No dia 13 de novembro de 1935, logo pela manhã, os mestres condenados começaram a chegar junto da capitania de Peniche a fim de seguirem na camioneta para a prisão das Caldas da Rainha. Entretanto, na Ribeira, o povo impede a venda de peixe oriundo de traineiras que tinham furado a greve entretanto decretada. Por outro lado, muitos comerciantes aderem à movimentação popular, fechando as portas dos seus estabelecimentos e colocando bandeiras a meia haste. Os sinos tocam a rebate e o povo ergue uma barricada nos portões de Peniche de Cima, recorrendo a uma traineira e diversas lanchas – barrando assim a saída da vila às camionetas que levariam os presos para as Caldas da Rainha, camionetas que foram assaltadas por populares. São derrubados os postes telefónicos e de telégrafo, isolando a vila do exterior. As fábricas de conservas suspendem a laboração e muitas mulheres juntam-se aos protestos.
A GNR envia, a partir da Fortaleza, diversos guardas e um guarda fios para proteger a saída das camionetas e reparar as ligações telefónicas e telegráficas. Na zona do Juncal, a GNR abre caminho à força das armas, matando o marítimo Francisco de Sousa, natural de Peniche, e ferindo, entre outros, José Mendes, marítimo, natural da Nazaré, além de identificar e prender cerca de 50 manifestantes.
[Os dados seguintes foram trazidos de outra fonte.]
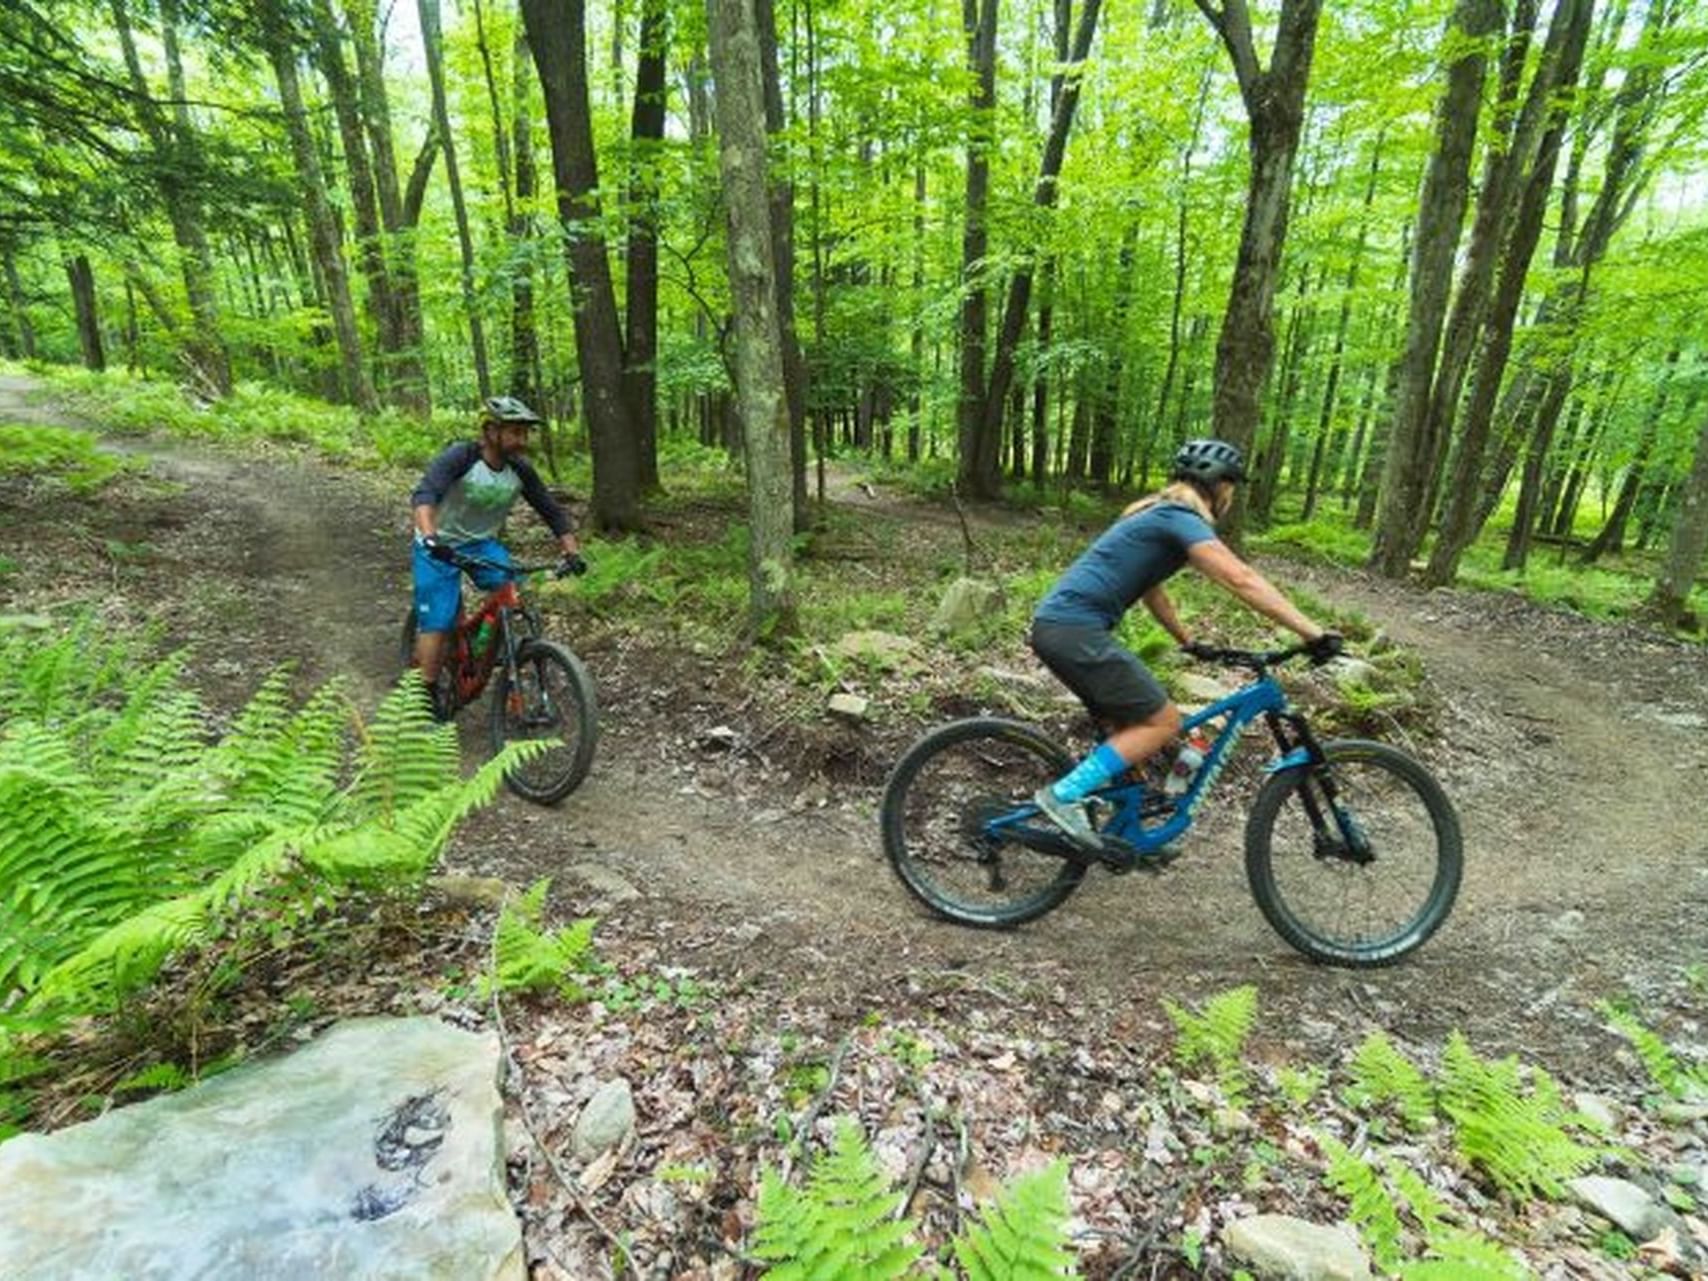 Mountain bikers exploring the woods near The Inn at Canaan

A multidão resiste atirando pedras e provocando alguns feridos entre os guardas da GNR.
Chegam reforços de Lisboa e de outros locais, GNR, PSP e PVDE, iniciando-se uma nova fase da repressão – até a Associação Comercial é obrigada a retirar a bandeira que tinha colocado a meia haste na sua sede…
A resistência dos pescadores e do povo de Peniche, aparentemente derrotada naquele dia 13 de novembro, viria a mostrar a sua força: logo no dia 22 de novembro, o governo viu-se obrigado a conceder a amnistia a todos os mestres de traineiras de Peniche condenados pelas infrações cometidas (ver em anexo o Decreto-lei n.º 26084, de 22 de novembro de 1935), visando assegurar a pesca e a produção nas fábricas de conservas.
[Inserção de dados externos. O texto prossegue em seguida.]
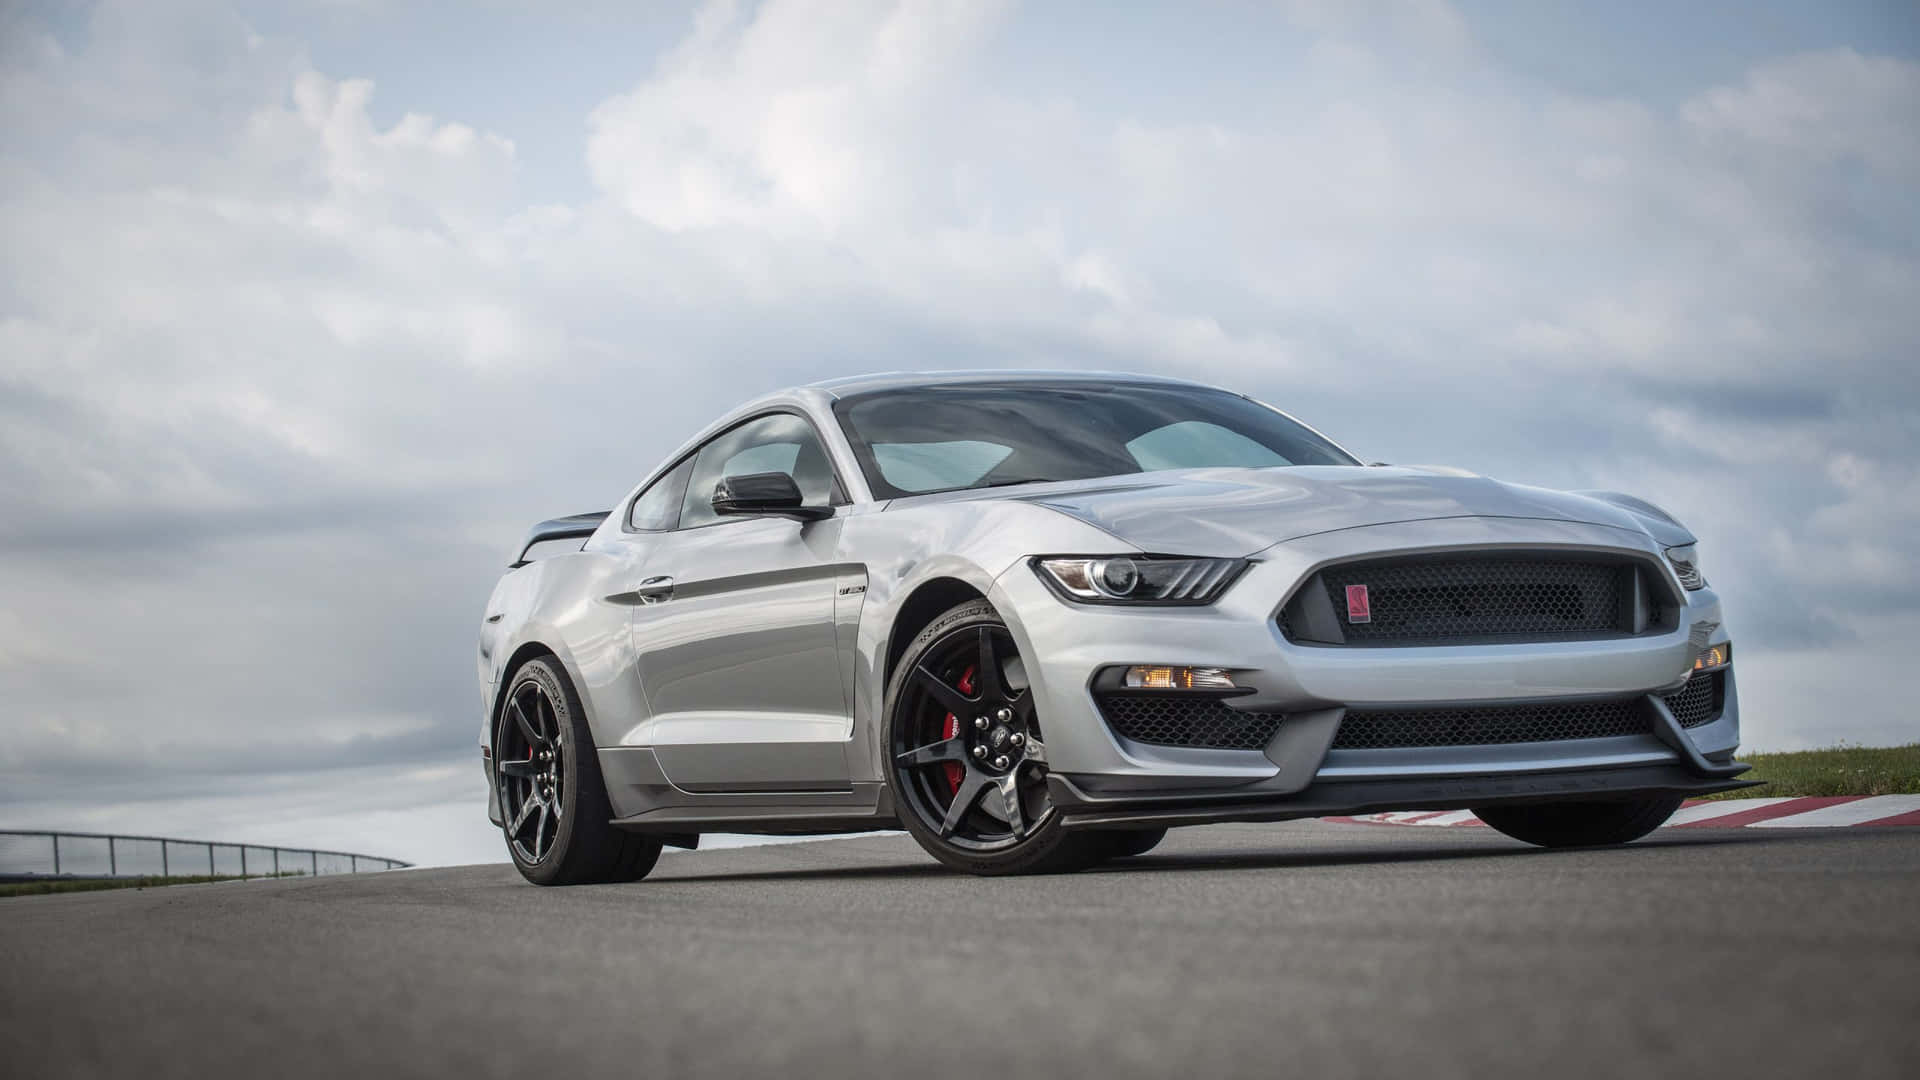 Sleek Ford Mustang Gt350r Making Waves On The Race Tracks Wallpaper

Cfr. “O motim de 1935”, de Adriano Constantino, Luís Rendeiro, Tiago de Oliveira Alves e Inês Grandela Lourenço, Investigadores do Centro de Estudos e de Defesa do Património da Região de Peniche (in Atas do II Congresso de História do Movimento Operário e dos Movimentos Sociais em Portugal 06-07 de abril de 2015, IHC-FCSH-UNL – Org. Cátia Teixeira).
Cfr. avante!, Série II, n.º 14, dezembro de 1935, sob o título "As massas de Peniche lutam e vencem!"